Print out the full material below, exact in every line, with no images included.

» DATA SHOWN:
= Beginning of Section =
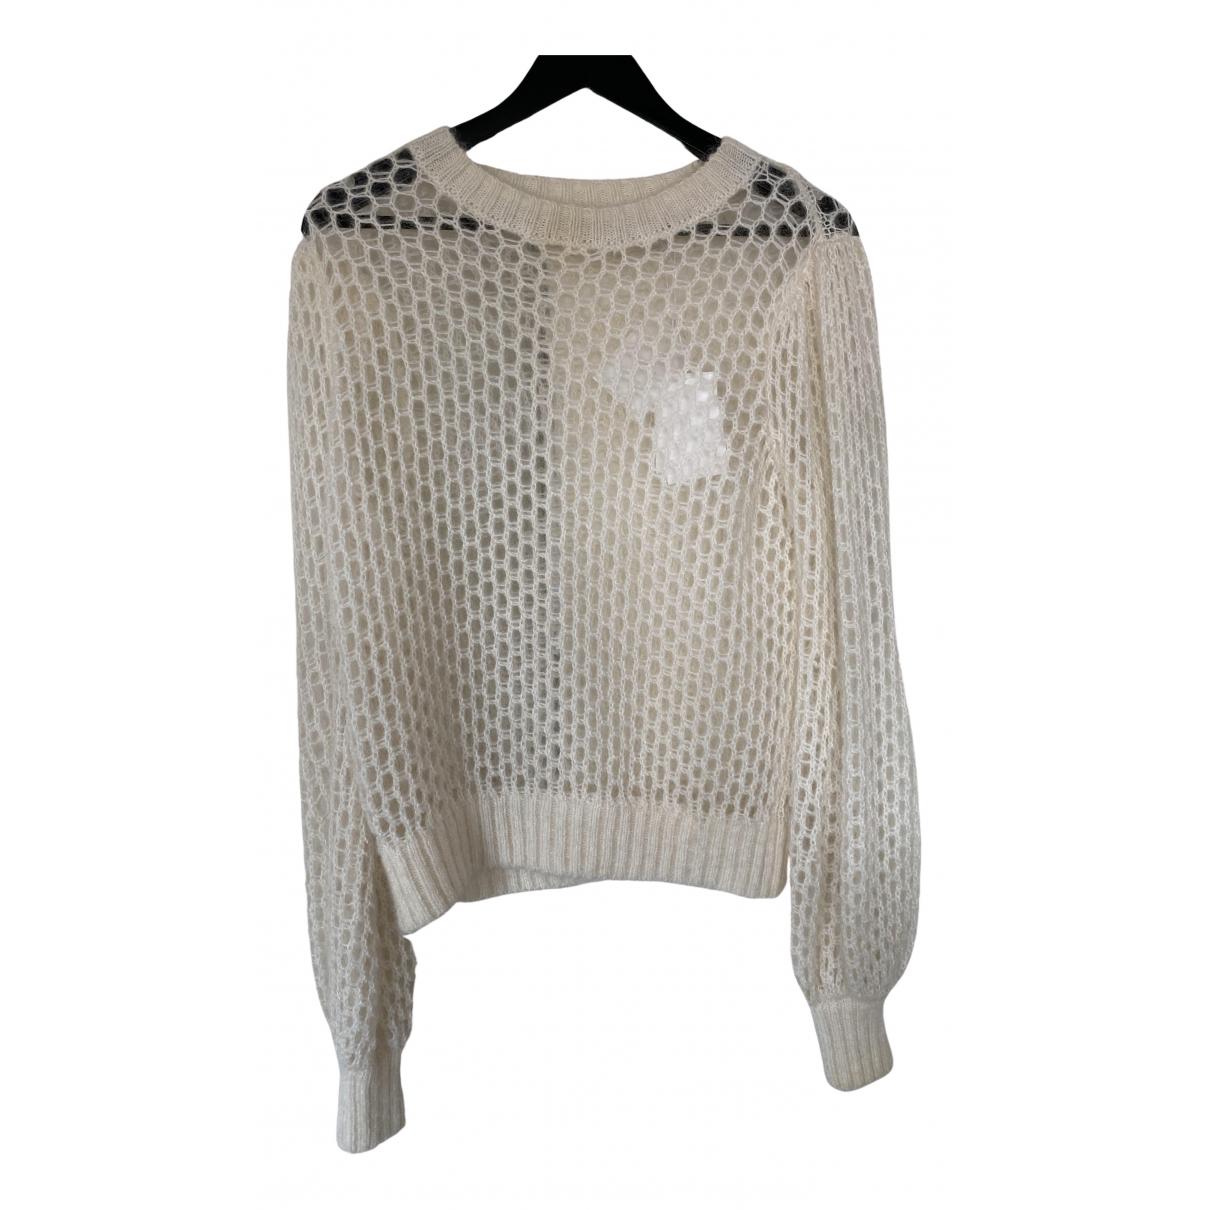 Zimmermann - Pull   pour femme en laine - beige
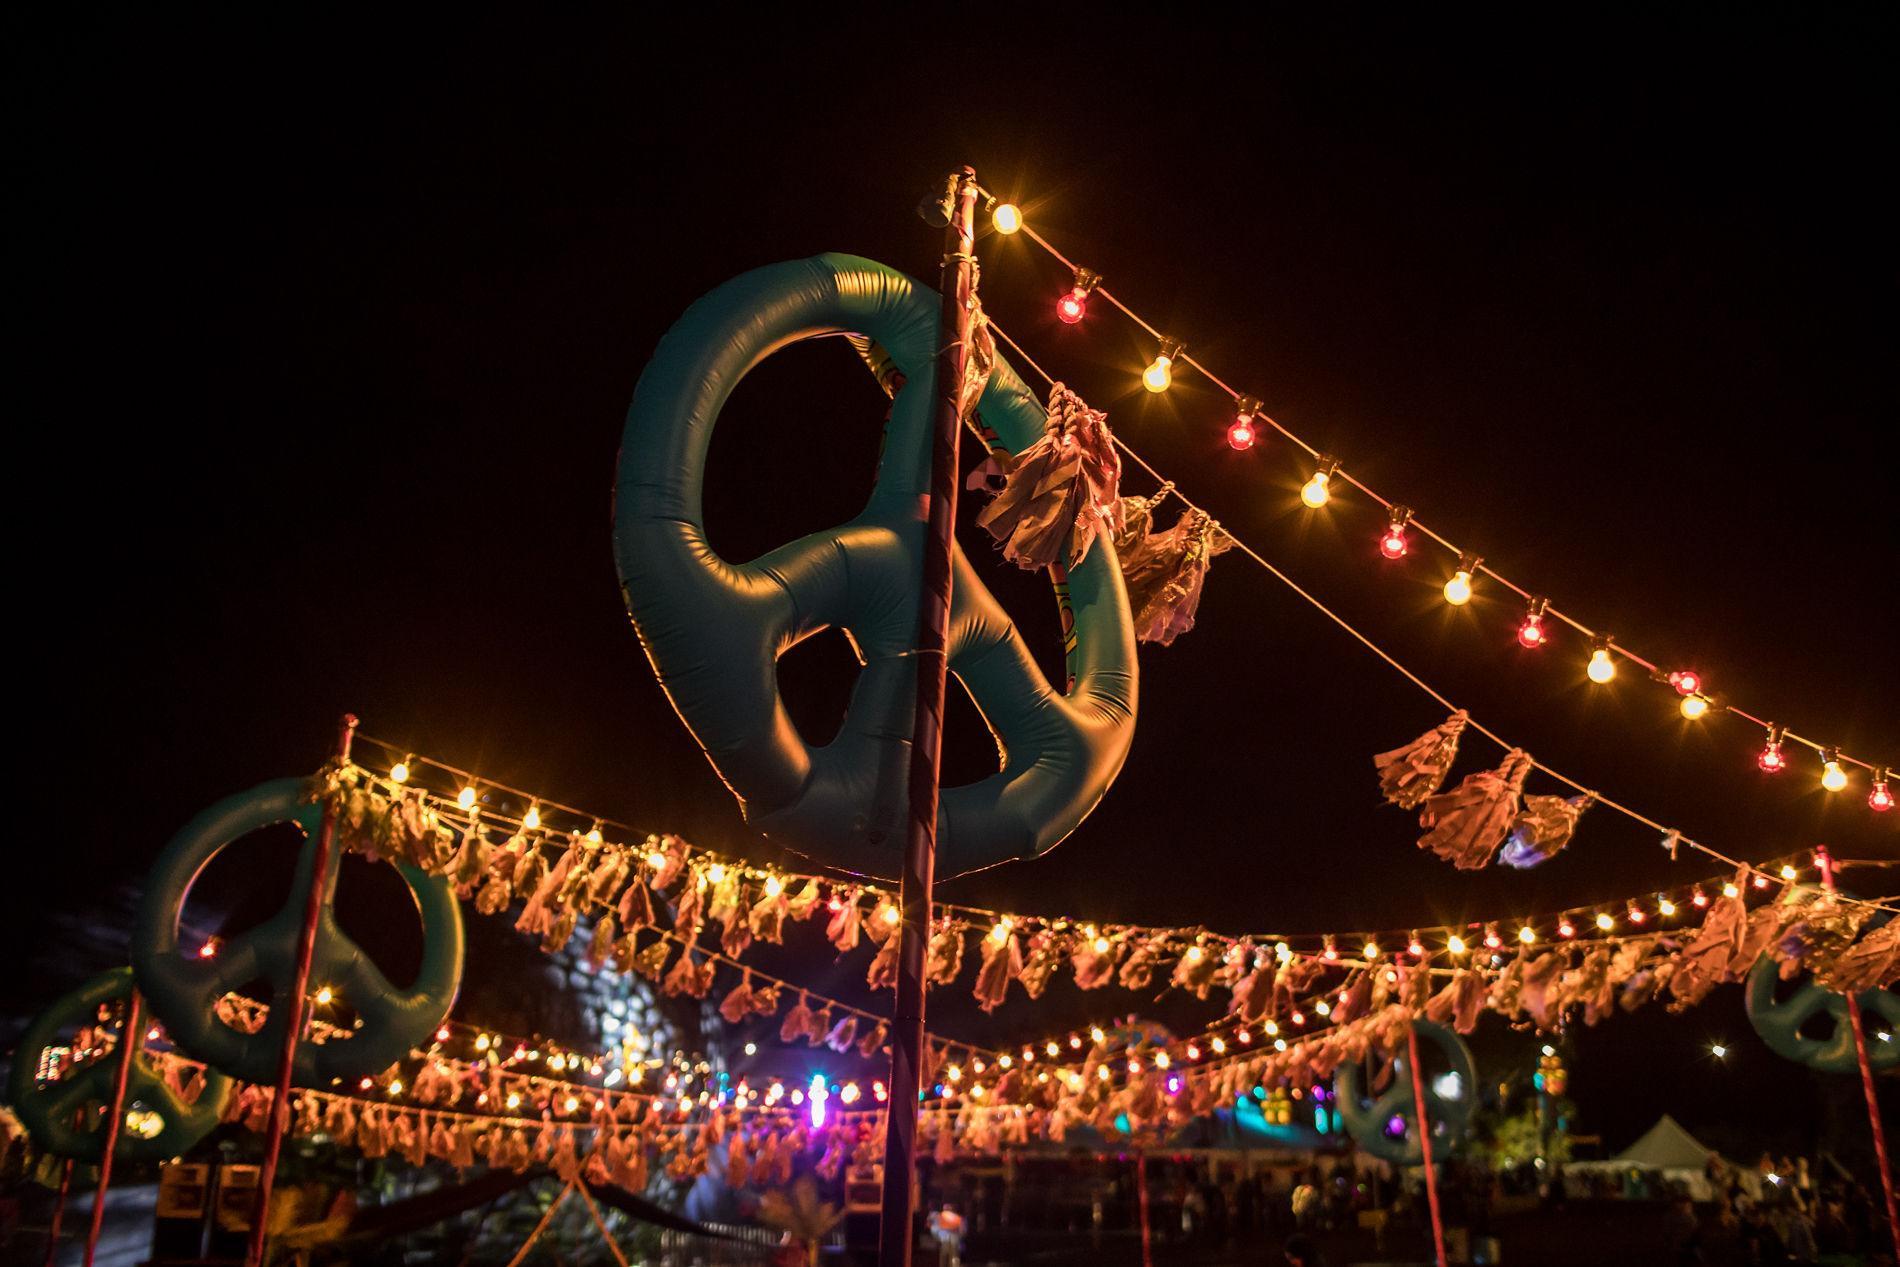 41-CampBestival2017-DisneyRascal-CL-VIC_7818.jpg
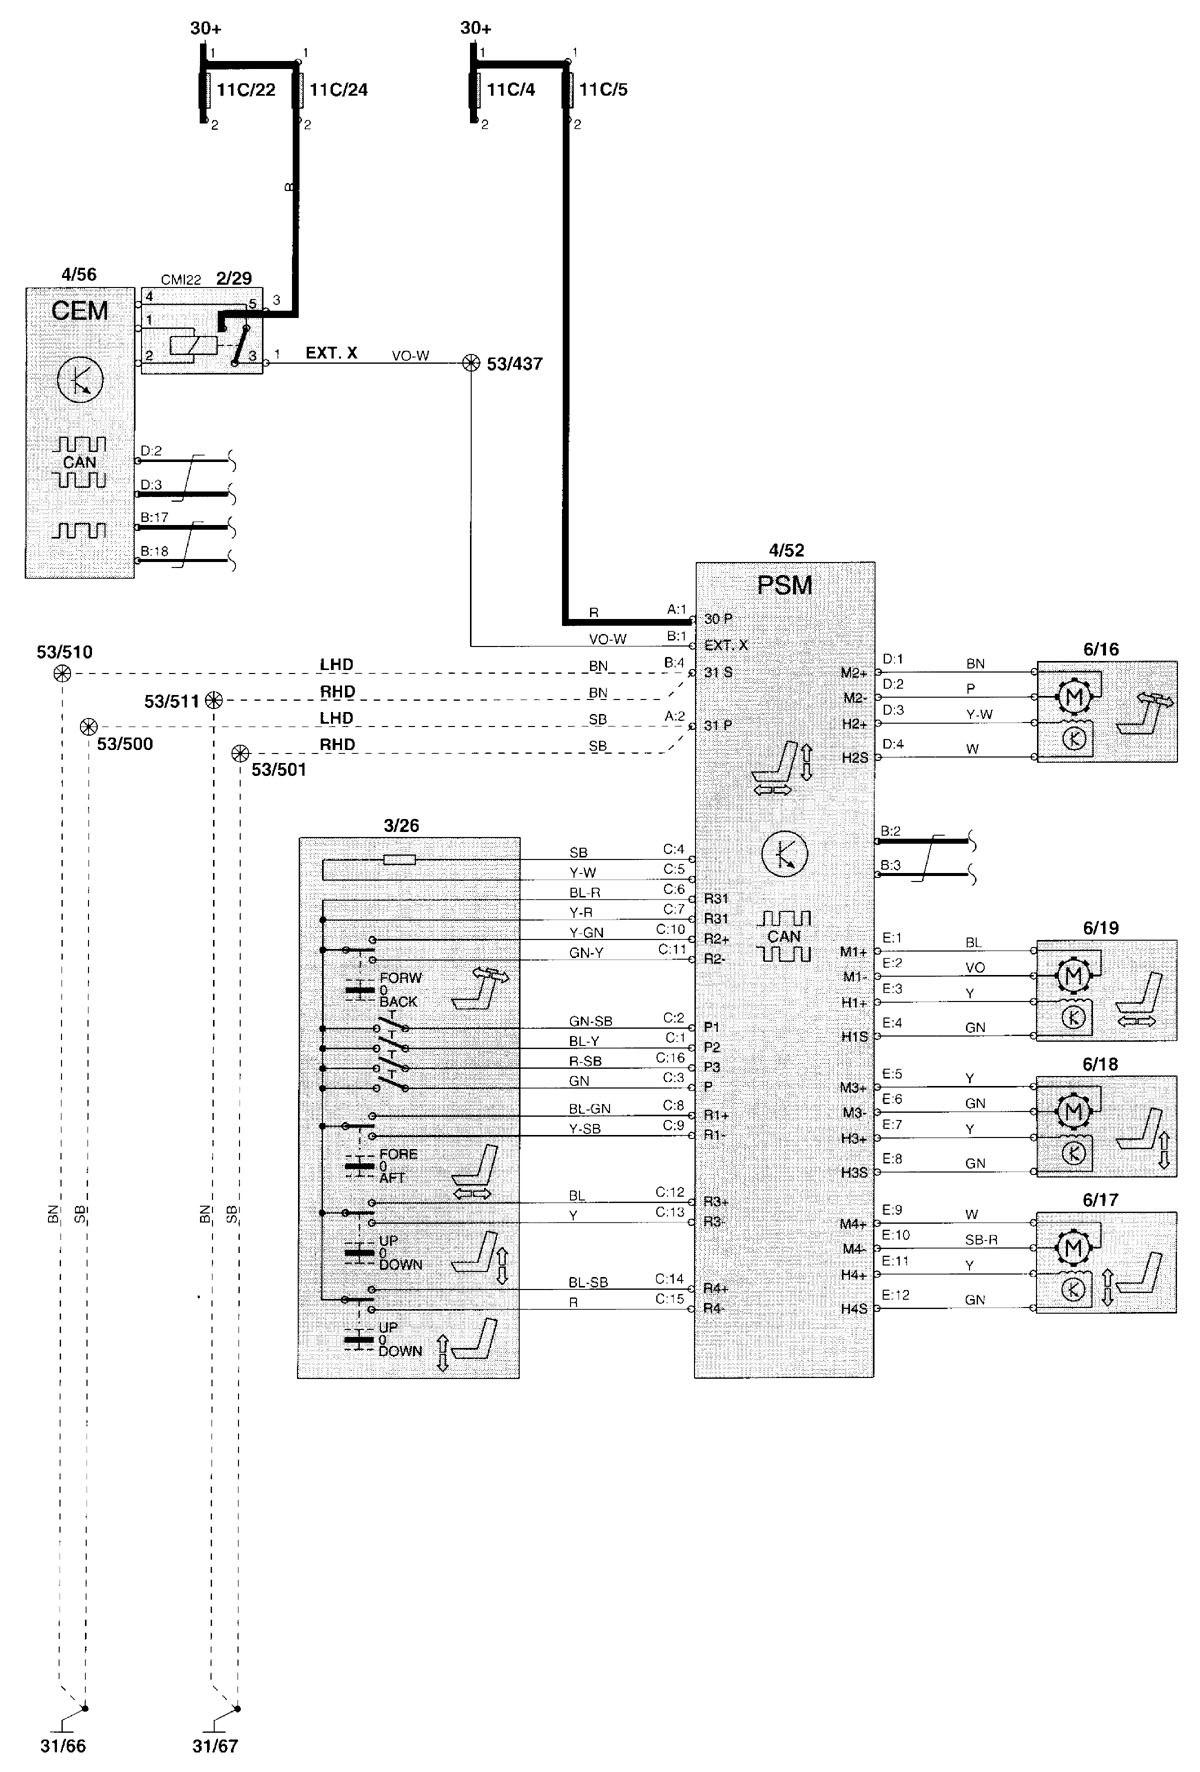 [NRIO_4796]   AZ_5061] Volvo Wiring Diagram Xc70 | 2002 Volvo Wiring Diagrams |  | Taliz Unre Tivexi Eatte Mohammedshrine Librar Wiring 101
= End of Section =
» TASK ANSWER:
 Zimmermann - Pull   pour femme en laine - beige
 41-CampBestival2017-DisneyRascal-CL-VIC_7818.jpg
 [NRIO_4796]   AZ_5061] Volvo Wiring Diagram Xc70 | 2002 Volvo Wiring Diagrams |  | Taliz Unre Tivexi Eatte Mohammedshrine Librar Wiring 101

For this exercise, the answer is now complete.